CodeDemon writes "It looks like the ISO/IEC JTC1/SC22/WG21 working group has made some headway in reviewing new proposals for the C++ language. The long anticipated upgrade for C++, C++0x, may be just around the corner. Head on over to check out the proposals yourself."

3 of 911 comments (clear)

  1. Re:where does the name come from? by Joe+Decker · · Score: 5, Informative

    Language revs are often referred to by the year of the completion of their standardizatioin (e.g., C++98.) The next C++ would presumably be somewhere in this decade, e.g., C++05 or so, but of course nobody is sure what year the work would be completed in, ergo C++0x.

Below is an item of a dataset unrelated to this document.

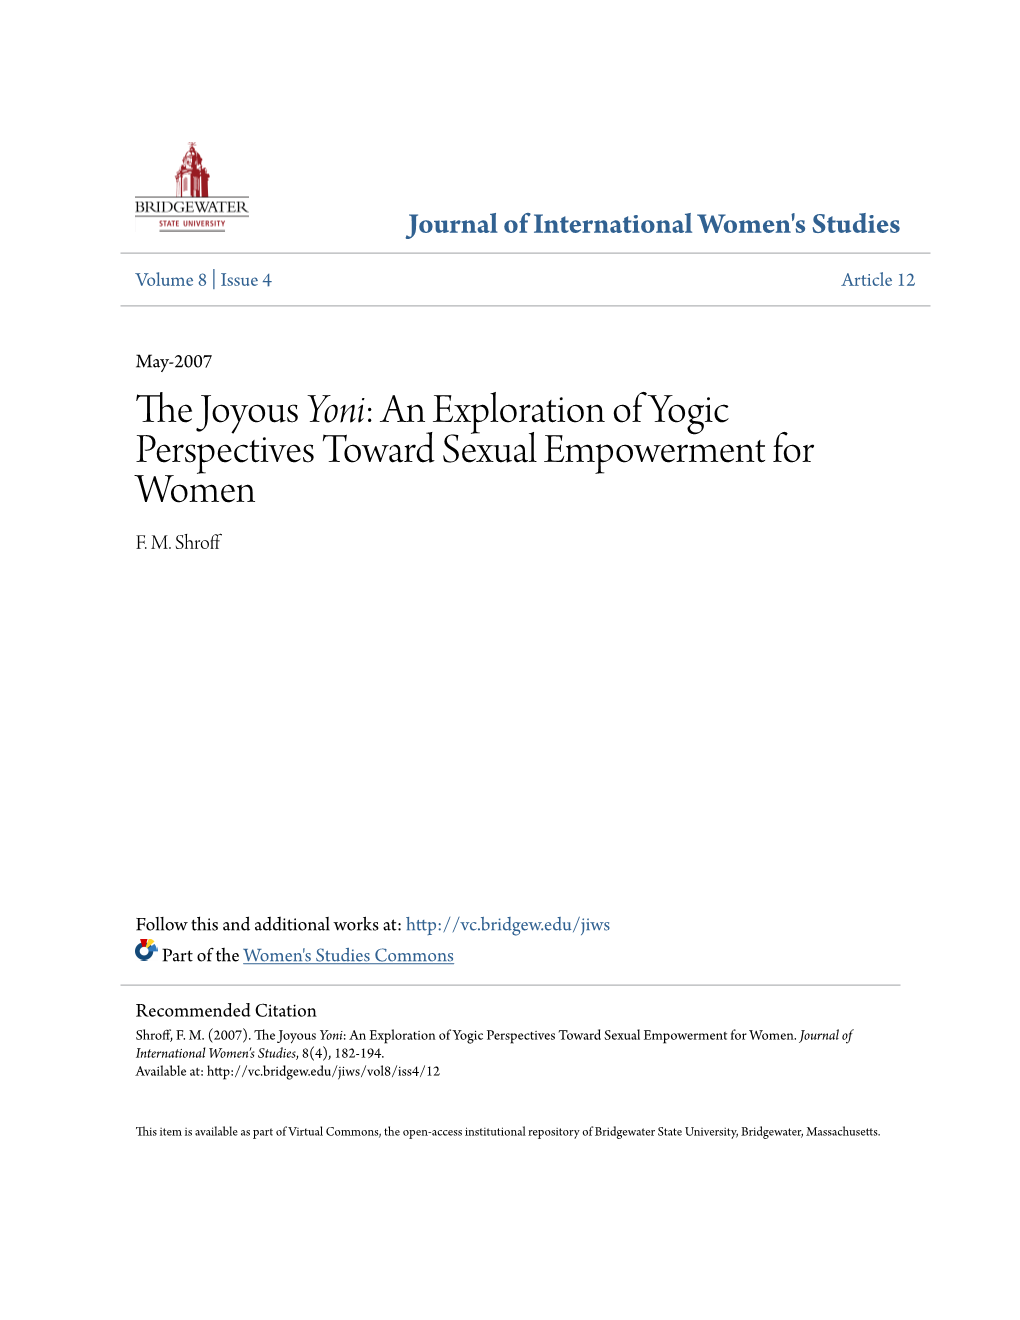 Yoni&lt;/Em&gt;: an Exploration of Yogic Perspectives Toward Sexual

  2. Re:Why C didn't progress to D.. by td · · Score: 4, Informative

    B didn't come from anything called A, but from a language called bon, named for Ken Thompson's wife Bonnie. (At least, that's what Ken says, but he's famous for pulling the legs of people who drool over stupid trivia from his past.) The inspiration for bon was Martin Richards' BCPL, a stripped version of Christopher Strachey's [et al] CPL (Combined Programming Language, I think; the B in BCPL is for Bootstrap or Basic, sources differ.) It doesn't stretch the truth too far to think of B as an even-more stripped down BCPL.

    --
    -Tom Duff
  3. Who cares? by KalvinB · · Score: 4, Informative

    The extra bloat in Visual Basic is forced into my projects wether I use it or not.

    C++ on the other hand can have all the extra stuff it wants and it doesn't affect my project. If I don't wan to use templates or whatever, I don't have to. And the compiler won't force me to include anything.

    Whining about C++ having too many features is like bitching that Baskin Robbins has too many flavors. Nobody is forcing you to buy them.